ON April 1, in the pages of this newspaper, I wrote about Habib Zaidi, Adil El Tayar and Amged El-Harwani, the first three doctors to die in this country as a result of Covid-19. In that column, which noted their bravery and service, as well as the opprobrium often faced by non-white immigrants to the UK, I noted that “the fact that all three of the first doctors to have died from Covid-19 were all immigrants to this country is of course a random coincidence.” As it turns out I was quite wrong.
Just over a week later – by April 9 – a trend had developed. The first ten doctors in the UK who had died from the virus were all from BAME (Black and Minority Ethnic) backgrounds whilst 50 per cent of the nurses who had died were non-white.
At first questions focused on statistical links, noting the over-representation of BAME staff in the NHS, where they comprise 44 per cent of medical staff compared, whilst only constituting 13 per cent of the population of England and Wales. Independent research into those being admitted into intensive care created an even more worrying picture. On April 10, the Intensive Care National Audit and Research Centre found of the first 5,000 Covid-19 patients, 35 per cent of those in critical care were from an ethnic minority.
On April 18, at the Government’s daily press briefing, the Communities Secretary Robert Jenrick conceded that “there does appear to be a disproportionate impact of the virus on BAME communities in the UK” as he confirmed that the number of BAME patients who were critically ill with Covid-19 remained at 35 per cent and of the 51 healthcare workers to have died, 75 per cent were from BAME backgrounds. On the same day the chief medical officer commissioned work to further understand the issue.

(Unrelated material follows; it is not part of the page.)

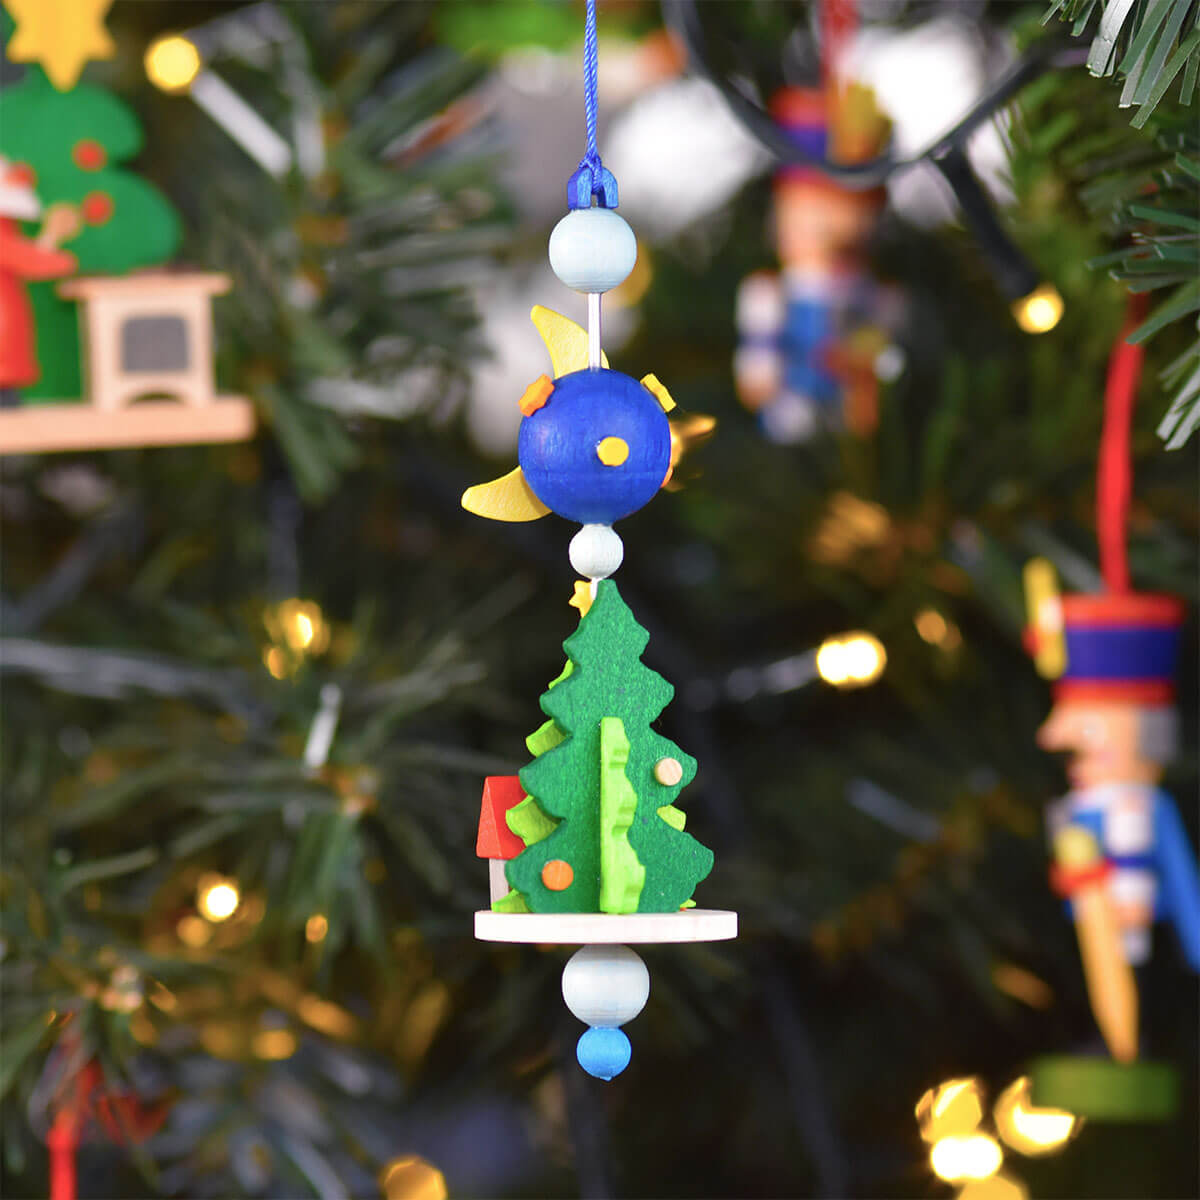 Spindle Ornament with nutcracker

Yet whilst this work has been commissioned, and a panel of experts appointed, there is no timeline as to when it will report. Whilst that work continues people continue to die. On Monday of this week Manjeet Singh Ryat, the UK’s first Sikh A&E consultant, died aged 52 at the Royal Derby Hospital where he worked. As of Monday, every one of the 15 NHS doctors reported to have died from Covid-19 so far is from an ethnic minority. Two thirds of all medical staff who have died are from an ethnic minority. One third of all of those in critical care are from an ethnic minority.
It has been said of the coronavirus that it does not discriminate and everyone from hospital porter to prime ministers are susceptible. But the backgrounds and ethnicities of those NHS staff who are dying suggests something else. We do not yet know if this is true of the population as a whole. The main reason for this is that the Government has not instructed hospitals to record the ethnicity of those who have died, a situation which the chair of the British Medical Association described as a “scandal which is endangering lives” and “morally wrong”.
The time has come to end that scandal and to start to protect all of those who work in the NHS and to save all lives and not just some.